But independent scrutiny and parliamentary oversight of Defence spending and procurement is more important than it ever has been in today’s dangerous world.

The decisions we make and whether they can be delivered in a timely and cost effective way will determine the security of our country for generations.

While the new statutory defence committee is a very welcome addition to parliamentary oversight, it cannot and should not replace public forms of accountability.

Richard Marles should instruct his Department to again cooperate with the ANAO and allow the audit committee to conduct its important work.

Frankly though just restoring previous standards of transparency is not enough.

Australians are hungry for more candour about the dangers we face and they are entitled to it.

There is a model in Australia which could easily be adopted more widely.

ASIO Director General Mike Burgess has pioneered an annual threat assessment which maturely and responsibly brings the public into his confidence about threats to our security.

He can and often does say things that a Minister should not. And in the process he has raised Australians’ literacy about problems like foreign interference and espionage.

The ANU’s study has revealed that Australians seek more clarity from the government on our threat environment.

So, the question is, why doesn’t the Chief of the Defence Force do a similar annual speech to share with Australians the ADF’s assessment of our security challenges and the task we have to meet them?

And what is stopping the Director General of National Intelligence from doing the same?
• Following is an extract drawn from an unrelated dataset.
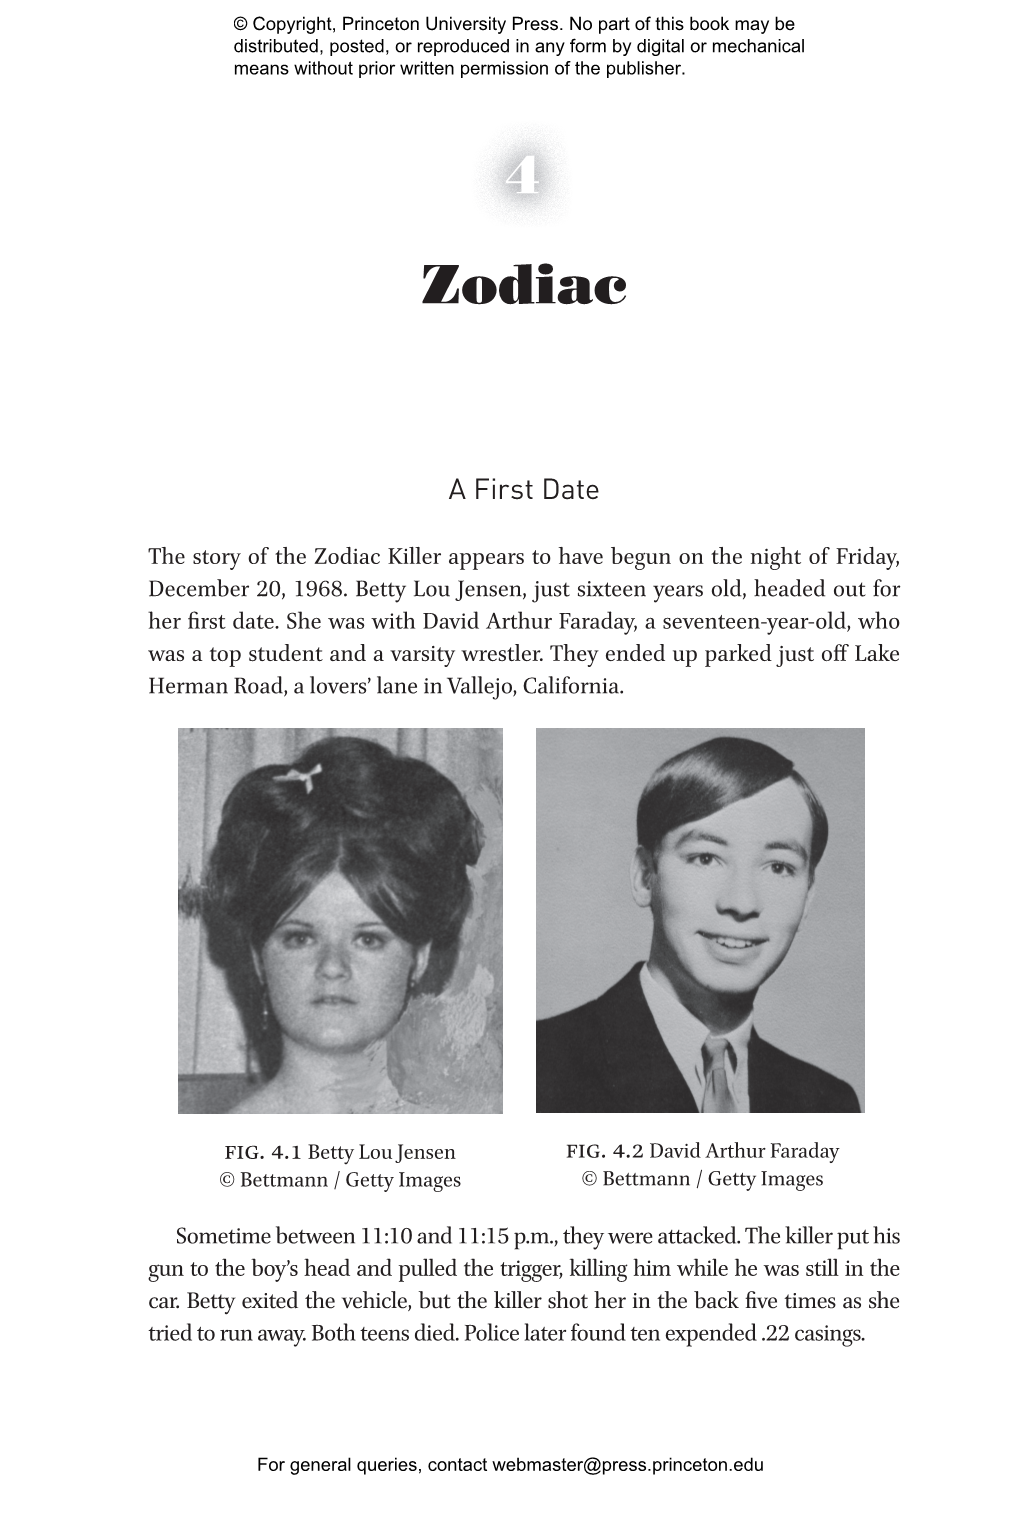 Zodiac Killer Appears to Have Begun on the Night of Friday, December 20, 1968

An annual threat assessment which is measured and calm but also direct and honest would help dramatically improve public understanding of the serious threats we face.
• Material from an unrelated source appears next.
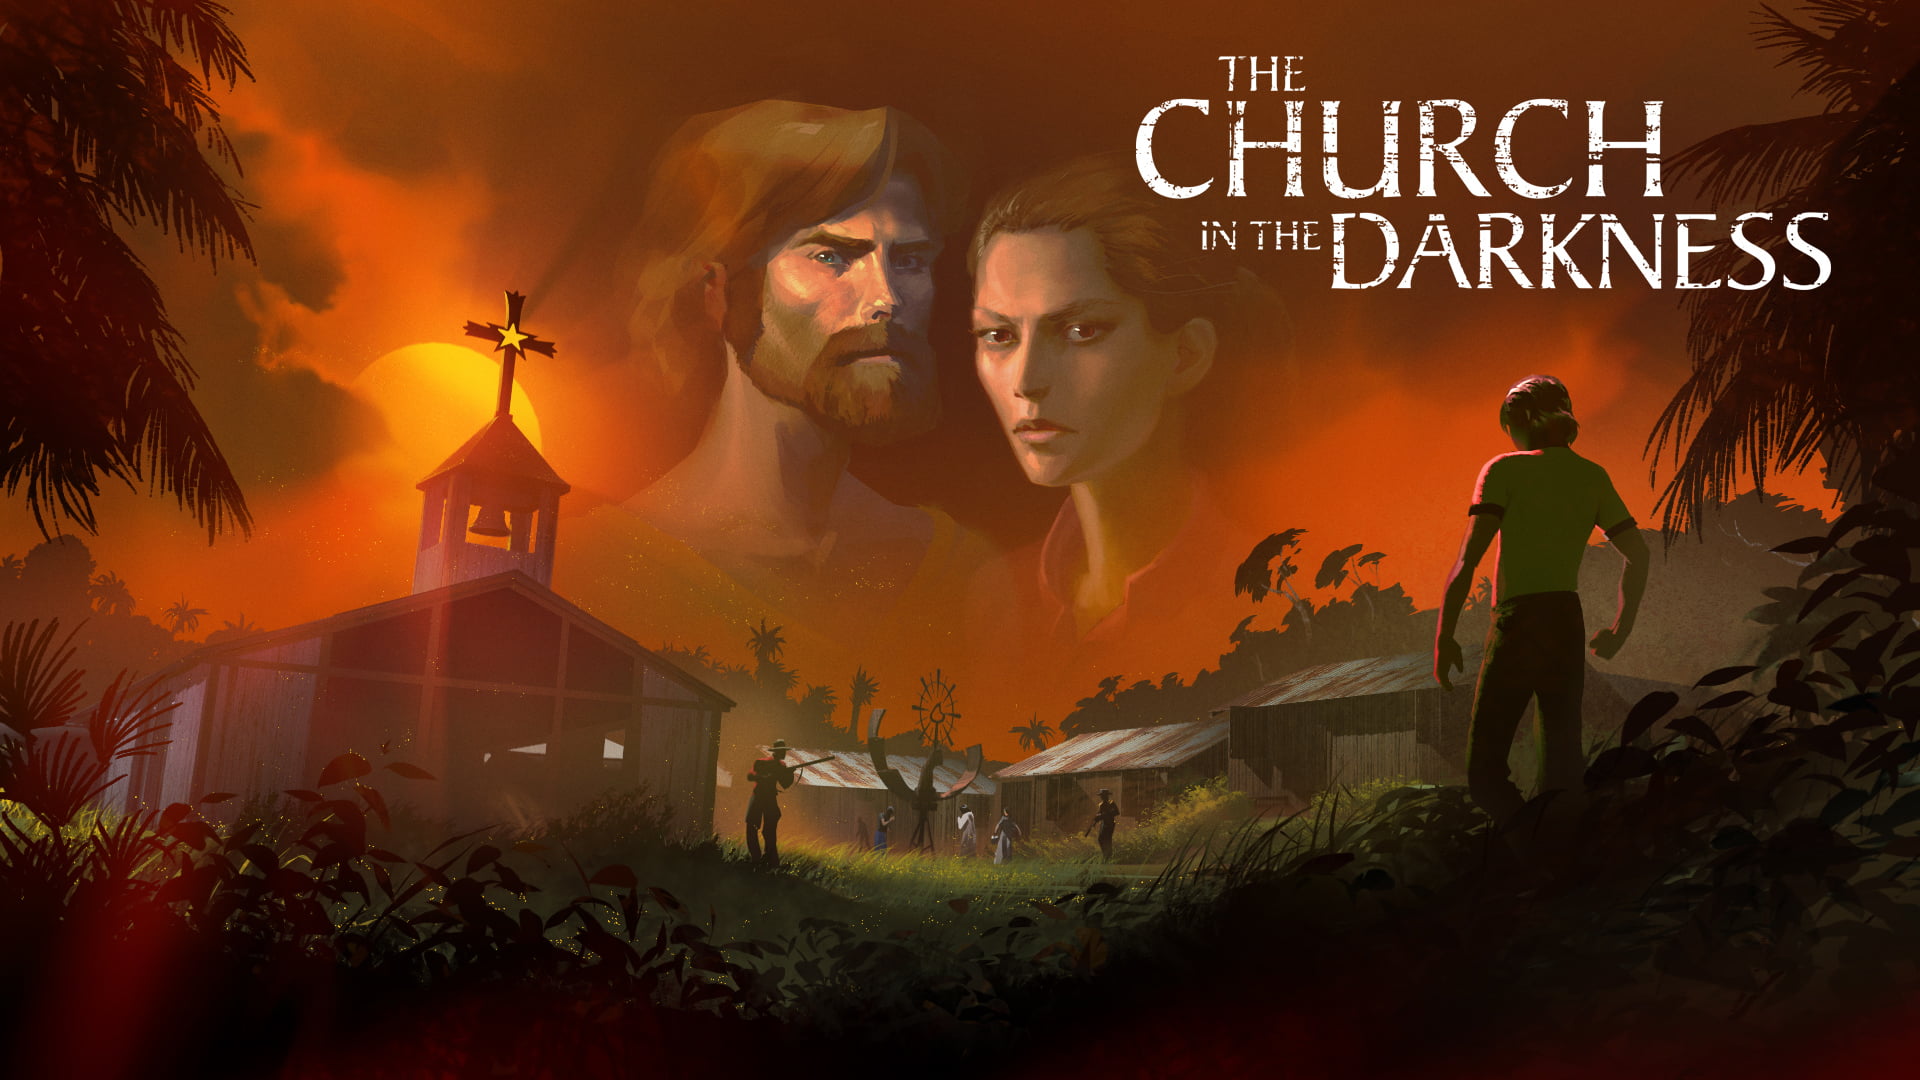 The witcher: monster slayer | the church in the darkness - review | the church in the darkness | notícias

It would also assist in sustaining the social license needed for indispensable, multi-decade projects like AUKUS.

As Shadow Minister for Defence I accept I have a responsibility to contribute to this collective task.

I am a politician.

It is my job to convince the public that the blue team is better than the red team when it comes to defence and national security.
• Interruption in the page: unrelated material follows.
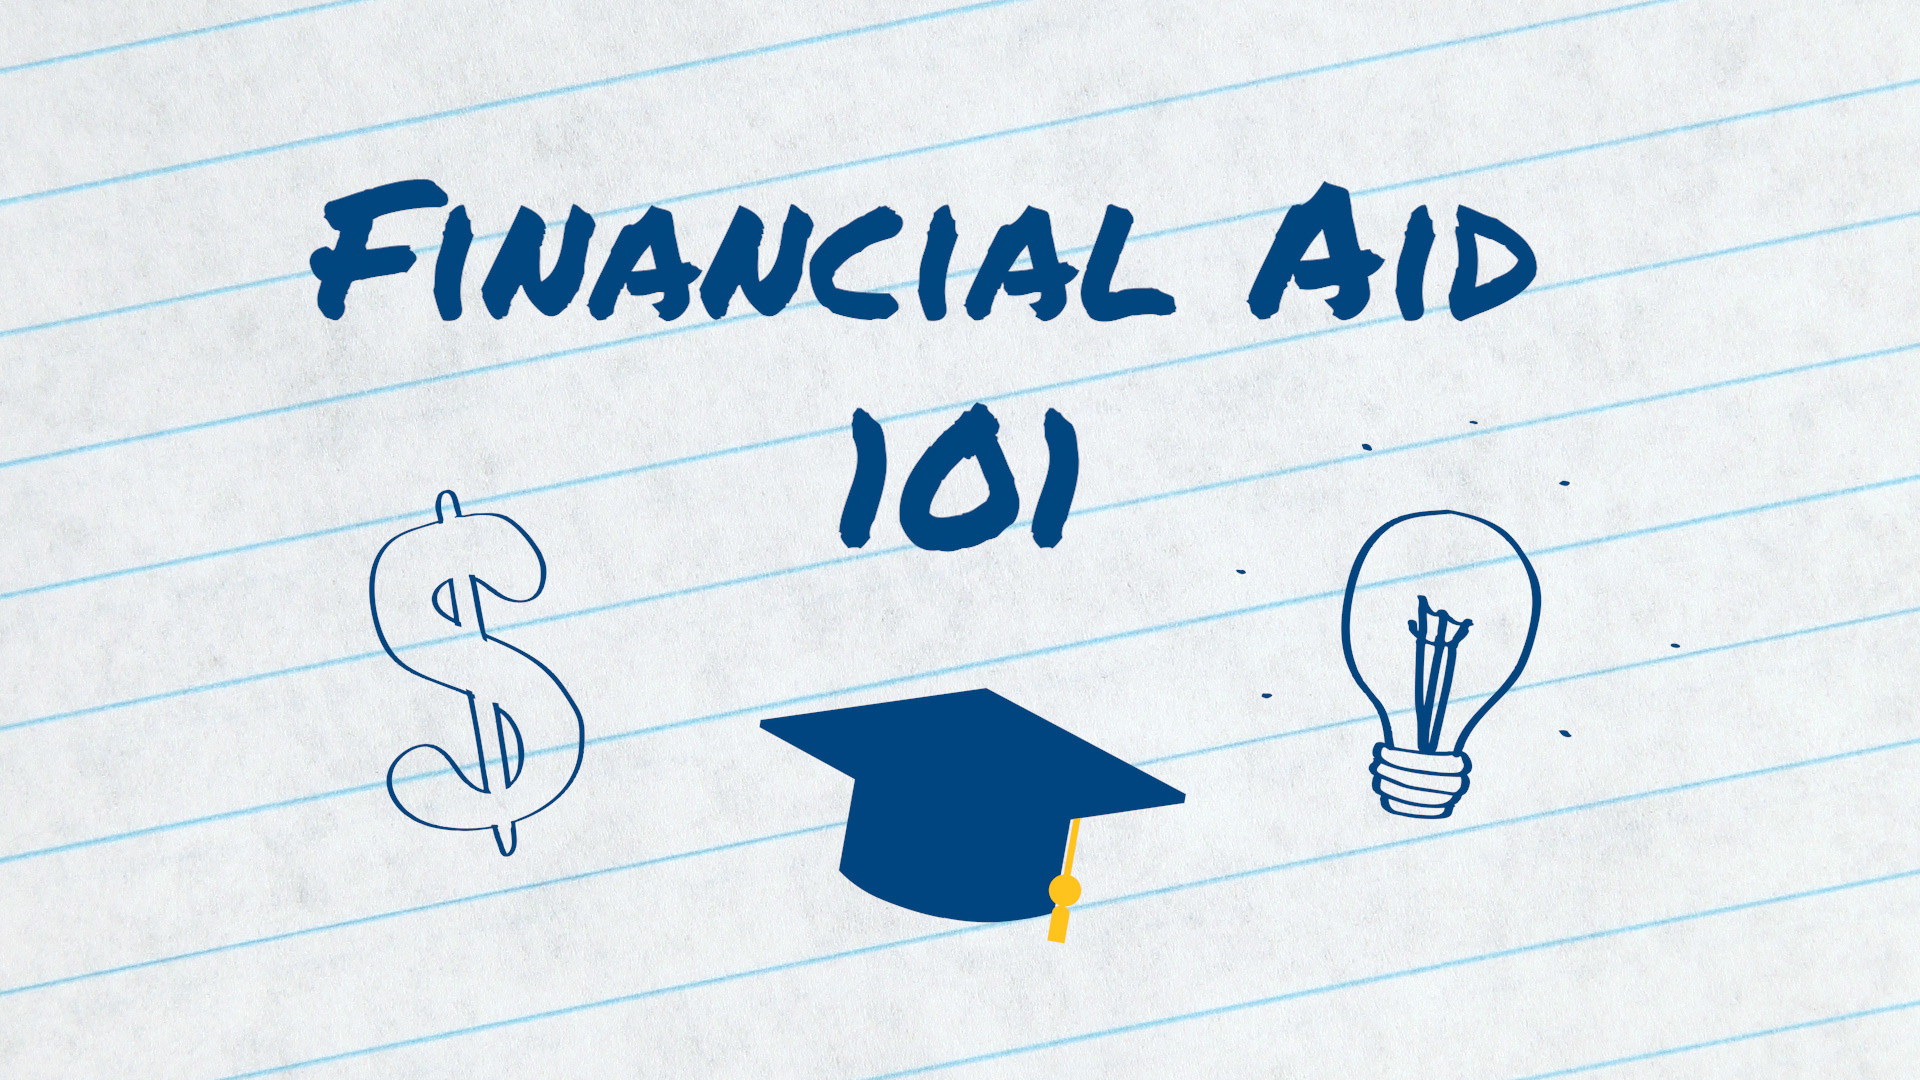 lined paper with "financial aid 101"

But my guiding light is the national interest.

I got into politics, and despite the challenges I remain in it today, because I want to help hand over the sovereign liberal democracy to my children that my generation inherited from a previous one.

I get out of bed every morning because I believe unless we make radical changes, we are at serious risk of failing that mission.

It is often said that national security portfolios like Defence are bipartisan.

But there are healthy and unhealthy types of bipartisanship.  

There is robust bipartisanship which includes healthy scrutiny of government.

And there is cosy bipartisanship which is a conspiracy against the public.

Australians are increasingly showing they have little patience for this.

They are cynical about the major parties colluding to keep them in the dark.

I will never do anything which harms the national interest.

I will never needlessly politicise issues for the sake of it.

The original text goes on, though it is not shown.